Communication: Those in Recovery, and Those Who Aren’t
Help communicating with, and about, those in recovery, as well as those who haven’t yet found help
As I’ve said before, I’m one of those people who reads advice columns. I like seeing what situations people find themselves in and the possible solutions advisers suggest. I love how the columnist is always so tactful, or how sometimes he or she pulls no punches in telling it like it is. Here’s some advice I found for talking about substance abuse in different situations.
For people with a family member who is in recovery, or one who is still using
In April, I came across a NY Times column that might be helpful for people with a substance abuser in their family if they don’t know how to talk about their loved one to others. Those of us familiar with addiction and recovery, or who’ve been dealing with a loved one in trouble with drinking or drugs for years, have usually worked it out at some point. (Especially if you’d had to educate others – even others in your family about how addiction is a disease and not a weakness or a moral failing.) But it’s an uncomfortable subject for some people because they don’t know what to say. That doesn’t mean they shouldn’t talk about it—avoiding it only adds to the stigma that surrounds addiction.
Here’s the situation: A woman wrote to an advice columnist in the NY Times to say that she and her husband would be getting together with a couple they hadn’t seen in years. Since that time, both couples had sons, now in their 30’s. The writer’s son “has suffered from addiction for years and lives on the edge of poverty” because of the unfortunate choices he’s made.” To her credit, she didn’t say she and her husband were embarrassed. Instead, she asked how to discuss him without infringing on his privacy.
And to his credit, the columnist questioned whether the woman was being totally honest, or if she was really worried about how she and her husband would appear. And then he firmly told her that there’s no shame in suffering from addiction, and that her son’s addiction was no more his fault than any other illness he might contract. He told her not to beat around the bush and suggested that they say “Danny is struggling with addiction. We’re proud … [of how he’s fighting it.] But it’s a daily battle.”
And he tells her to be supportive, that addiction can be hell for families, but that their son needs their support. Give that advice columnist a gold star!
Communicating with those in recovery
Not only do families of addicts have a dilemma in knowing what to say about their family member, but people wanting to say the right thing to someone in recovery don’t always know what to say, so they say the wrong thing. (You may have heard that you shouldn’t say, when a person has just been through a breakup, for example, “It’s for the best.” You can be just as inappropriate—even if you don’t mean to—when talking to someone in recovery.)

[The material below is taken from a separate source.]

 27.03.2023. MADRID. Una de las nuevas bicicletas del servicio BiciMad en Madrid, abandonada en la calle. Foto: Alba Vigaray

A Huffington Post writer wrote about a Twitter chat with Phoenix House recovery center that included the worst things you can say to someone in recovery. The entire chat focuses on women, but women aren’t the only ones to hear thoughtless and unhelpful comments, like “I would never have guessed you have a problem with…..” or “There’s no way you were that bad.” And then the person in recovery may feel he or she has to explain the true facts about what the other person just said. I’d say that with every person they educate, they’re paying it forward.

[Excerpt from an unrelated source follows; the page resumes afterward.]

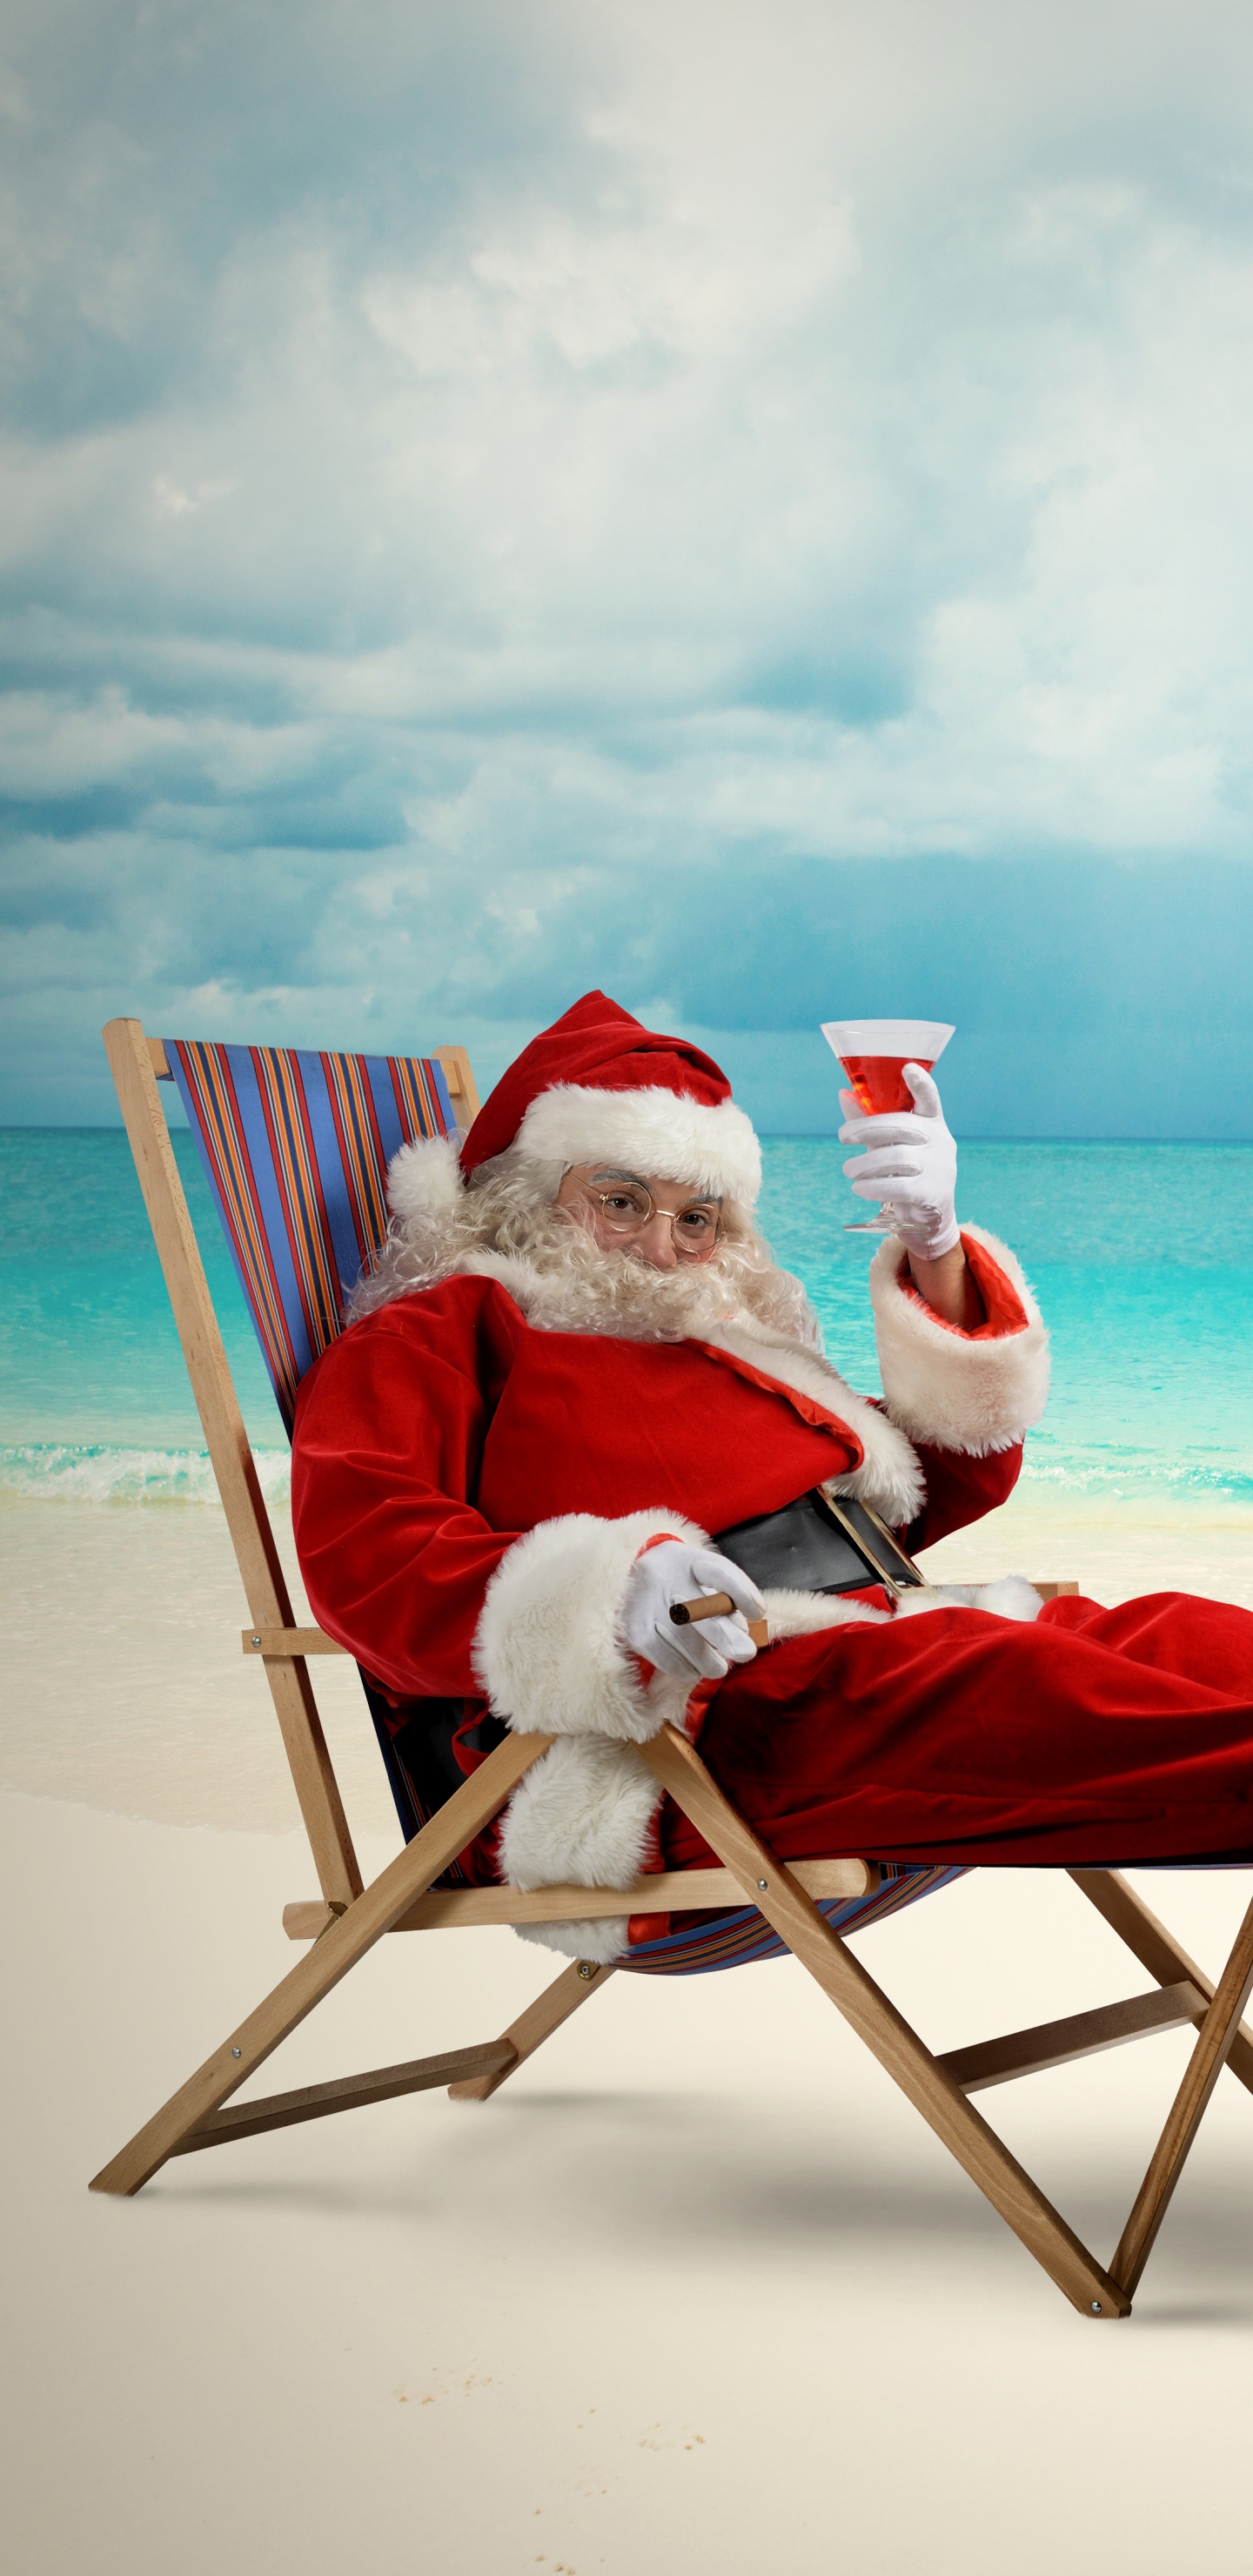 Weihnachtsmann, Weihnachten, Strand, Meer, Urlaub. Wallpaper in 1440x2960 Resolution

Here’s a HuffPost article by a woman who lost her brother to drugs (a prescription drug overdose) and who admits she’s an alcoholic. She, too, had someone say inappropriate things to her.
And here’s a later one by her that’s my favorite. When her mother asked her what to say to the relatives who were asking where she was, she answers “Tell them I’m in rehab for alcohol abuse.”
For someone who doesn’t drink
Then there are people who simply don’t drink, or who don’t drink because they’re in recovery. If you are one of these people or have been out with one, you know how people in bars—and even clueless friends—can badger others to take a drink, or badger them about why they’re not drinking. Esquire magazine had a wonderful article in June about possible responses to inane questions or statements. Here’s a sample: [4. “I’m going to get you to drink.” No, you’re not, the same way I’m not going to get you not to drink. People get to make their own decisions, and trying to change mine on alcohol will be a failed endeavor.]
Ways to defuse negative conversations with a current user
This is another great HuffPost article. Written by a substance abuse counselor, it tells how to stop the “dance” with an addict and gives concrete things to say if they’re just want to engage you in the conversations you’ve had over and over with them.
For example, a family member suffering from addiction may say things like:
· “I can’t do anything right.”
· “I guess I’m just a bad person.”
· “You just want me to leave.”
With this article, you no longer have to say:
· Don’t be silly.”
· “That’s not what my intention was.”
· “Why would you think or say that?”
Instead, the counselor recommends saying things like:
· “I’m sorry you feel that way.”
· “Please don’t put words in my mouth.”
· “This must be difficult for you.”
· “That just won’t work for me.”
She explains why the addict says what he or she does, and suggests that your responses be kind but neutral so that you don’t get dragged into the same unproductive tug of war. Good advice for a common situation that anyone who’s dealt with addiction is more than familiar with.